Pada bulan Desember kita diajak untuk merefleksikan berbagai hal penting yang menyangkut masa depan bangsa dan negara, bahkan masa depan bangsa di dunia. Salah satunya merefleksikan peran ‘ibu’ yang tentu saja tak bisa diingkari.

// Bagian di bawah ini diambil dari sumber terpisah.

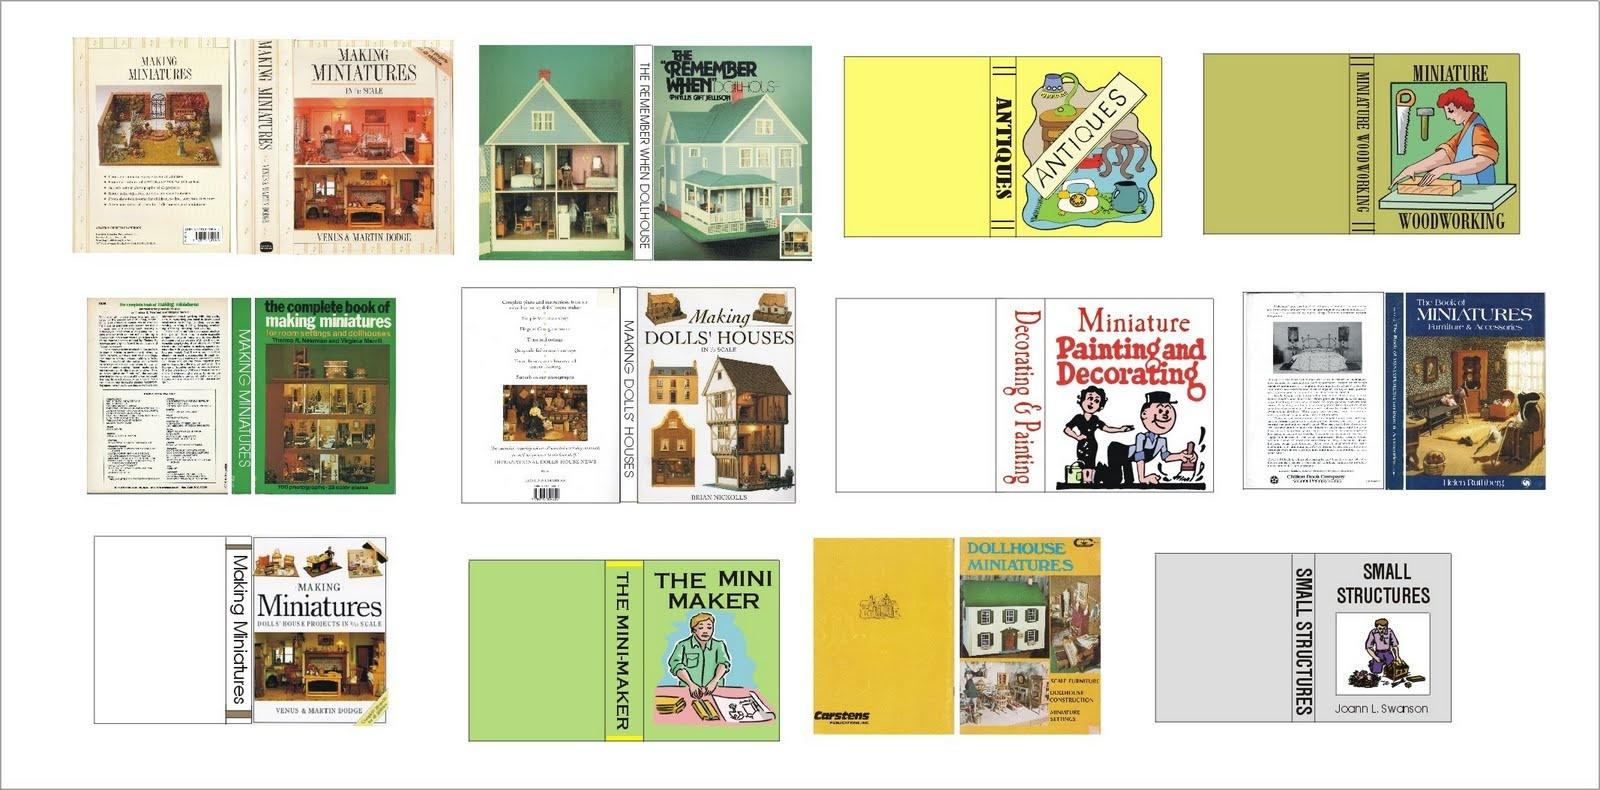 Dollhouse Miniature Printable Book Covers | Pictureicon - Free Printable Miniature Book Covers

Ada hari-hari penting sepanjang Desember ini yang mengajak para insan koperasi untuk melakukan refleksi mendalam untuk menangkap maknanya. Misalnya setiap tanggal 1 Desember masyarakat dunia memperingati Hari AIDS sedunia. Kita pun tahu, saat ini HIV/AIDS telah menjadi pembunuh berdarah dingin, menggempur kehidupan mayoritas orang muda dan menghentikan langkah jutaan orang untuk menggapai masa depannya.Ratusan ibu pun telah menjadi korbannya.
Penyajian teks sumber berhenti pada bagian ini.